Assessing the predictive accuracy of a patient-level tumor-dynamics and survival model requires scoring forecasts against data the model has not seen, but standard cross-validation (leave-one-out over visits or patients) conflates two kinds of held-out information — future observations from seen patients and unseen patients at seen times — and can make a model look better than it actually is at the forward-in-time forecasting task that matters for Phase 3 decision support. Leave-future-out cross-validation is well-established for time-series models (Bürkner, Gabry, Vehtari 2020) but is not routine for hierarchical longitudinal-plus-survival models, where validation typically leans on leave-one-subject-out or survival-specific summaries (time-dependent ROC, Brier scores).

Method

Adapted LFO-CV to a hierarchical state-space digital-twin model of tumor dynamics and survival: refit at successive truncation times and score out-of-sample predictive density on every held-out quantity with a log-likelihood contribution — longitudinal tumor-size visits and survival/multistate events — then summarize forecast performance as a function of prediction horizon. Primary workflow uses full-refit LFO-CV; PSIS-based approximate LFO is also supported for faster iteration. Built as a separate Stan variant sharing the base model’s modular structure so validation tracks the production model exactly.

Impact

Horizon-stratified predictive-accuracy curves across both biomarker and survival outcomes — a more honest answer to “how well does the digital twin forecast?” than aggregate LOO — making forecast calibration directly auditable for Phase 3 decision reviews.

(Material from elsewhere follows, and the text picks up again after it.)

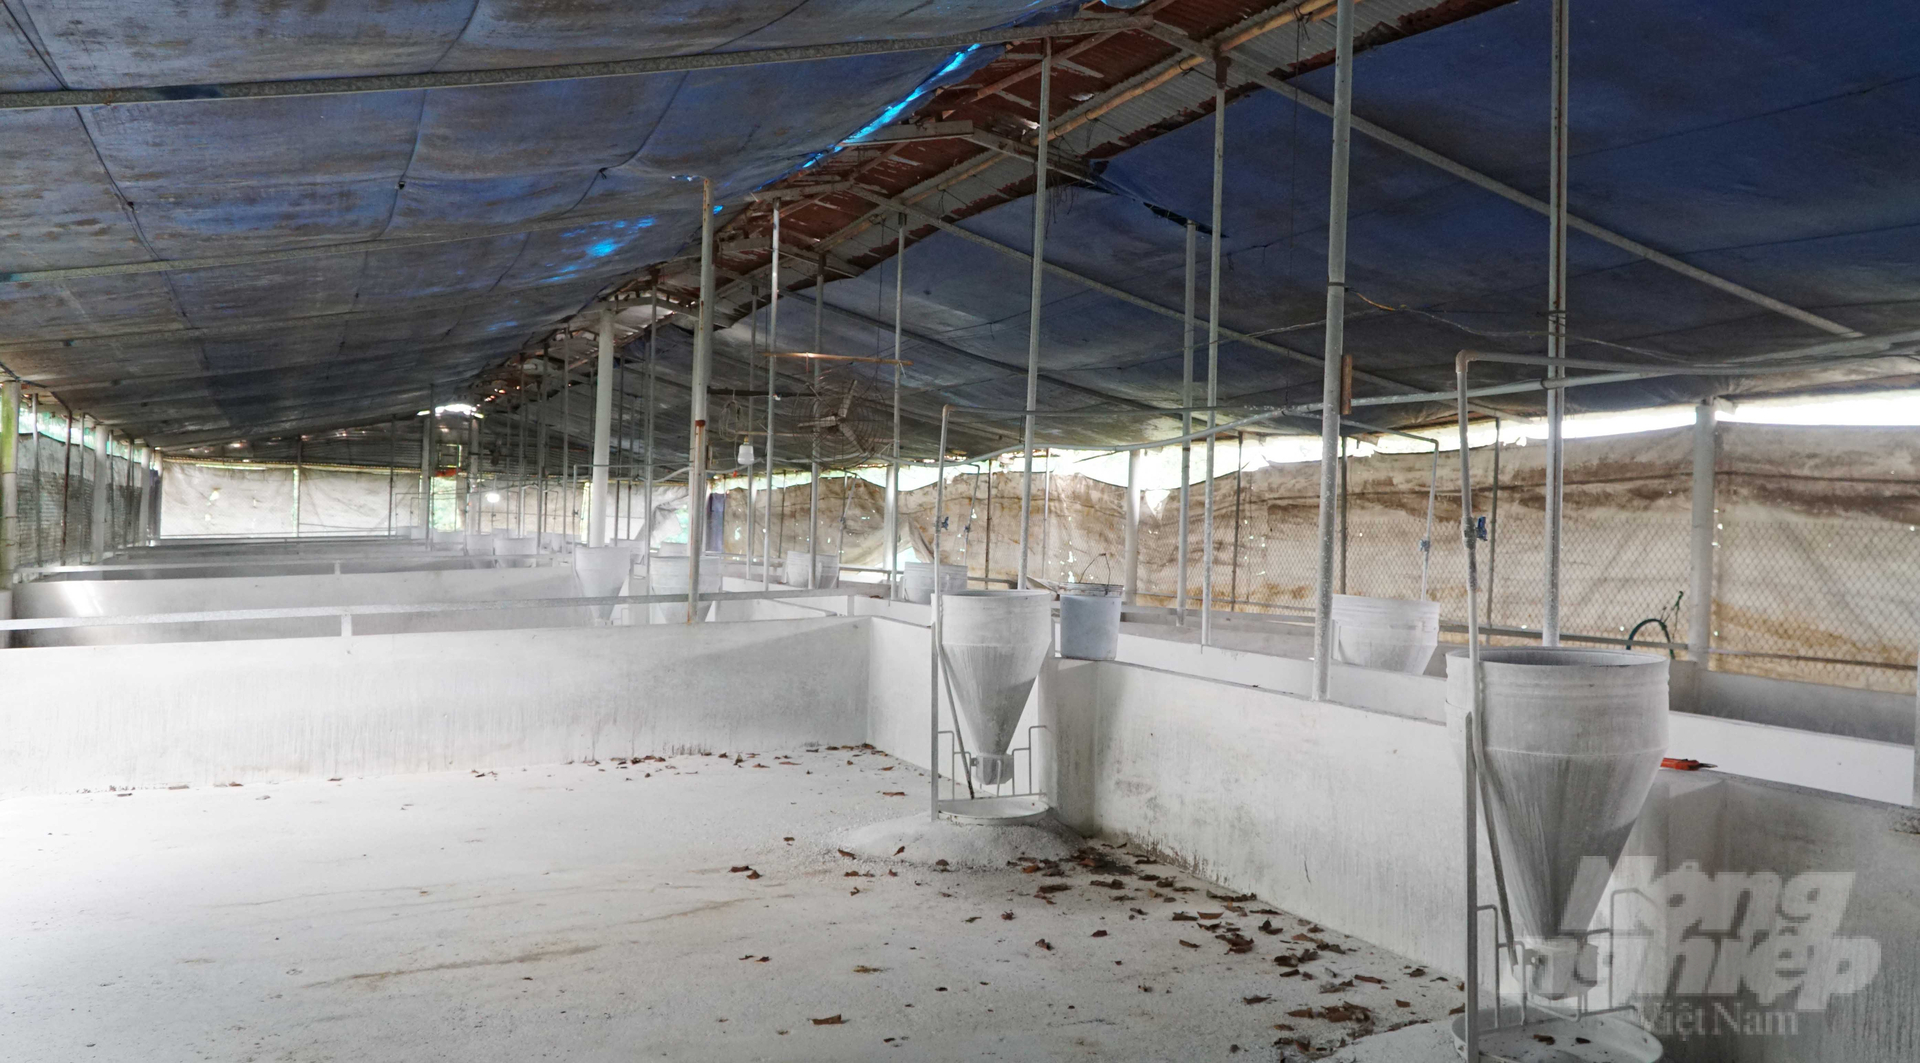 Hiện, có đến hàng trăm trang trại tại Đồng Nai đang bỏ trống chuồng do vướng quy định về đảm bảo môi trường, có nguy cơ không kịp tái đàn cho dịp Tết Nguyên đán. Ảnh: Lê Bình.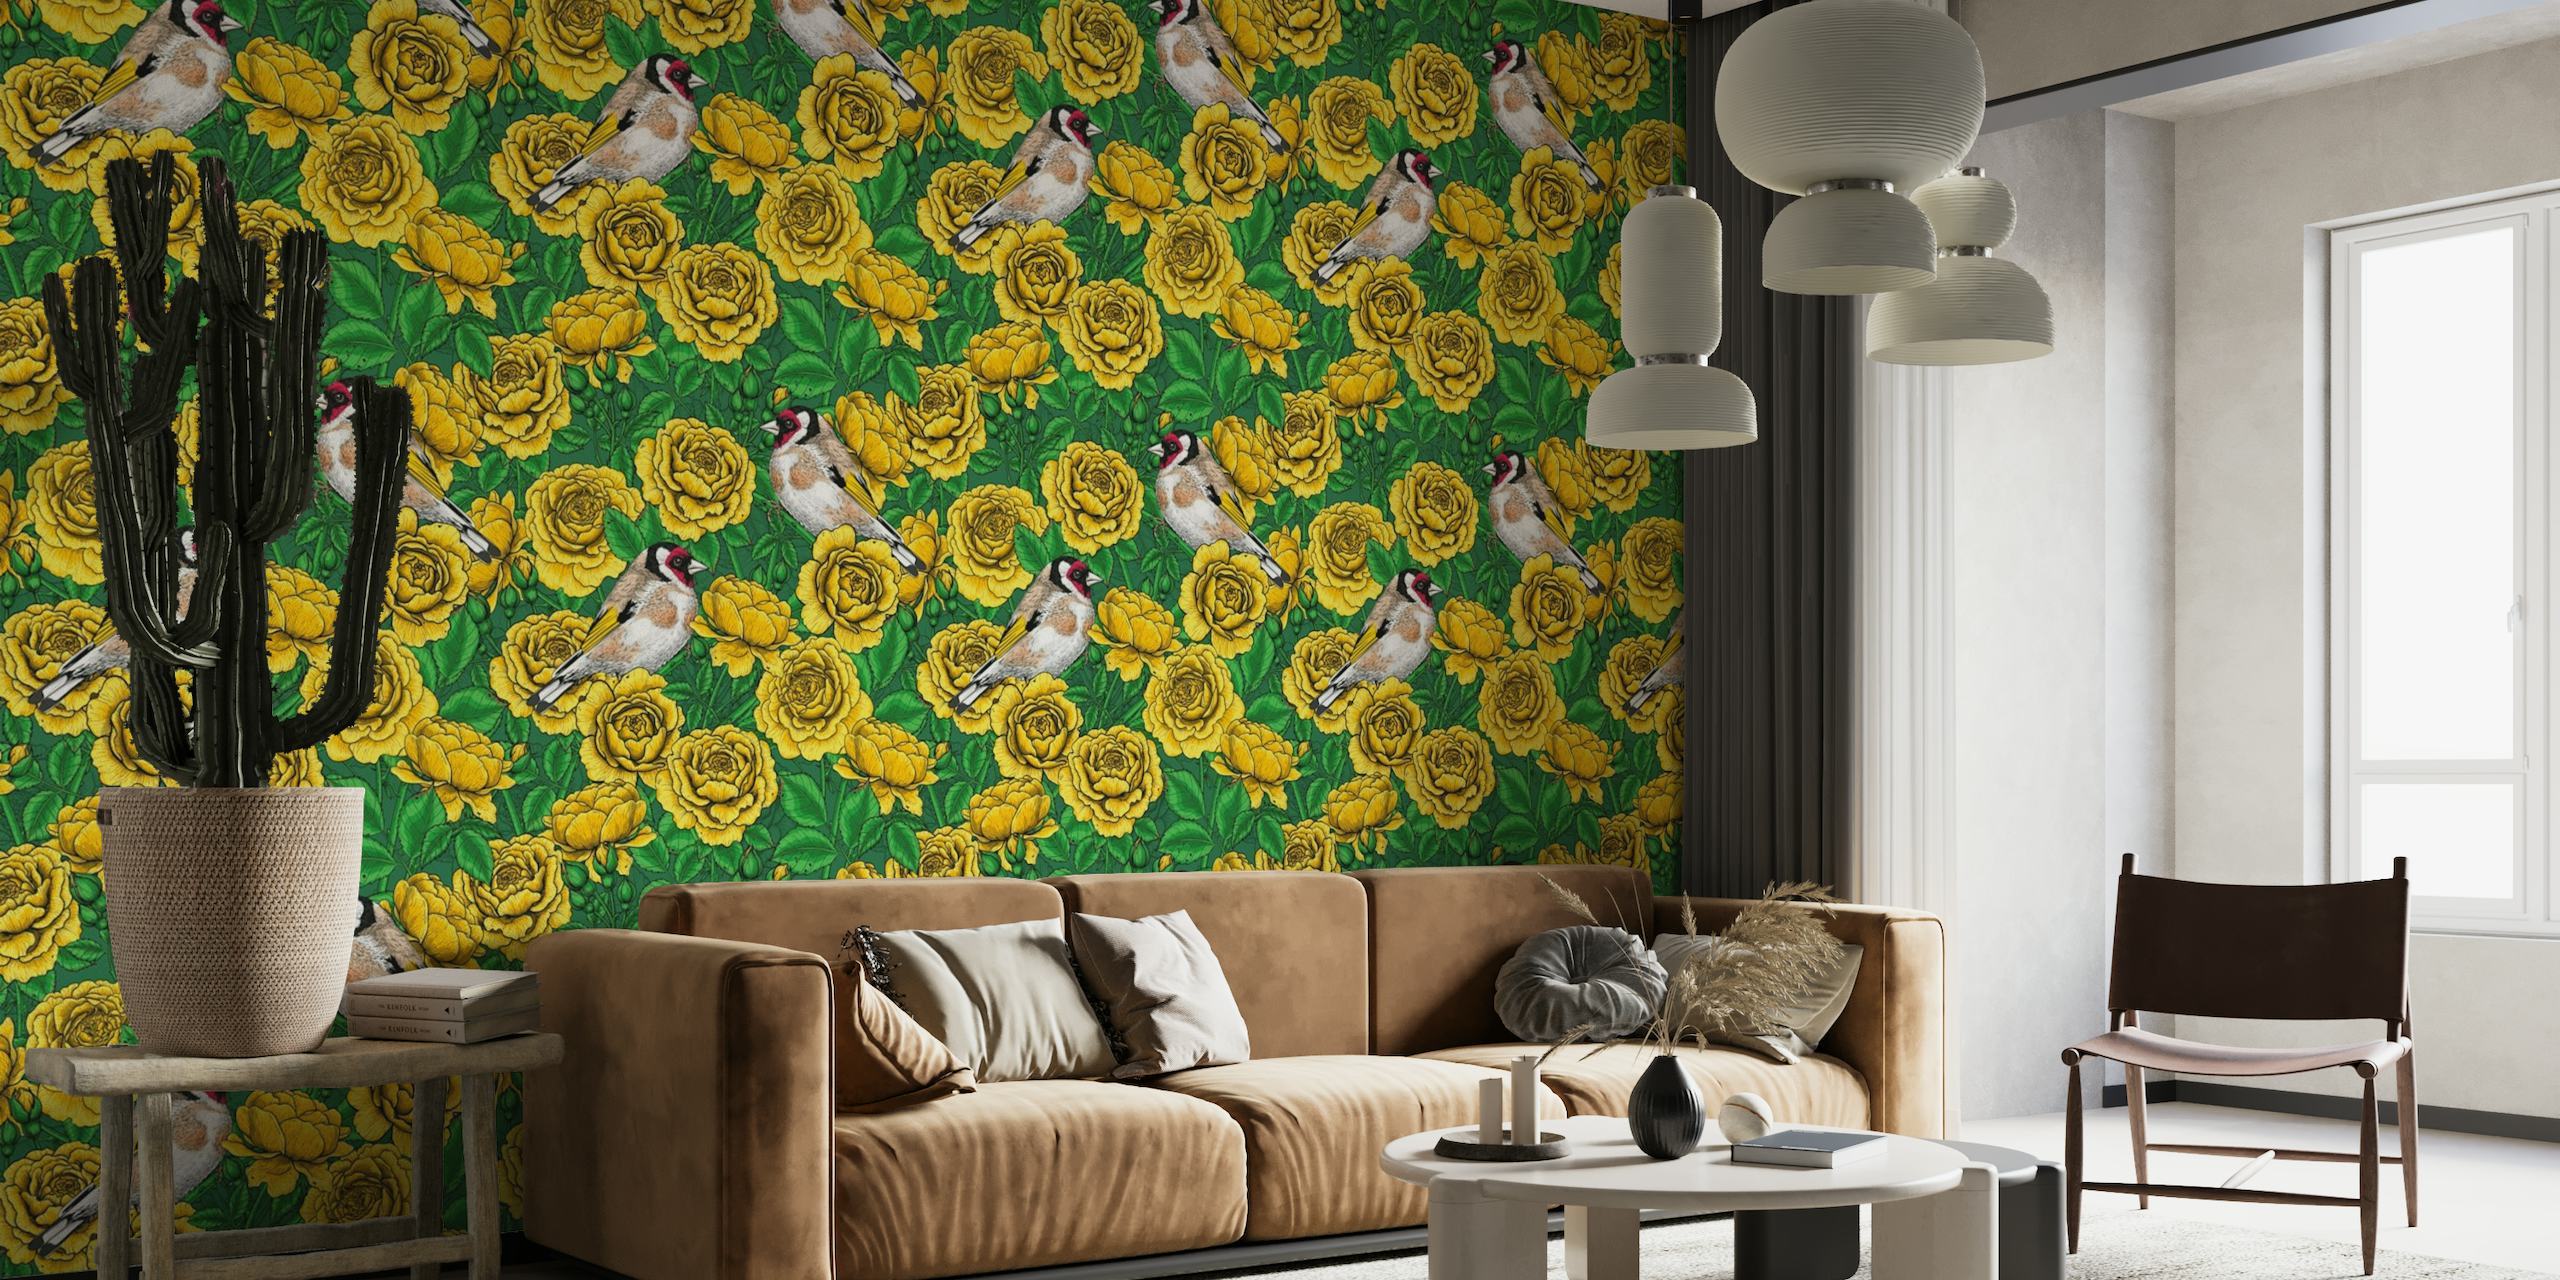 Mural de parede com rosas amarelas e pássaros pintassilgos em um fundo verde

Agentic-workflow layer for Bayesian statistical modeling

Problem

Bayesian trial-modeling work has two hard parts that off-the-shelf AI assistants don’t address. First, the mathematical layer: multistate survival with joint longitudinal submodels, non-centered hierarchical parameterizations, competing risks, and interval censoring produce dense derivations where a single person working by hand is both slow and error-prone — small algebra mistakes propagate into Stan code and surface weeks later as pathological sampling. Second, the development-loop layer: MCMC runs take hours to days, diagnostics and reparameterization require domain judgment, and state across the feedback loop is hard to carry. Generic coding assistants miss the statistical context for both.

Method

An agentic-workflow layer on Claude Code, shared across the modeling team via an internal plugin marketplace. Core components: collaborative mathematical derivation — working through the underlying statistical mathematics with Claude as a derivation partner to produce accurate, well-documented, and computationally tractable formulations before they become Stan code; a persistent memory system for carrying model-specific context across sessions; domain-specific sub-agents (Stan diagnostic triage, prior sensitivity review, targets pipeline explorer); MCP-integrated skills for pipeline operations and job management on Domino; and reusable skill and plugin templates that codify team conventions for Bayesian workflow. Version-controlled and iterated like any other team codebase.

Impact

Shifts the mathematical-modeling step from error-prone solo derivation to collaboratively-verified, fully-documented specifications; compresses the hand-off between “MCMC finished” and “I know what to do next,” which is where most of the latency in Bayesian model development actually lives. Adopted across the modeling team for reproducible Stan development, MCMC diagnostics triage, and pipeline operations.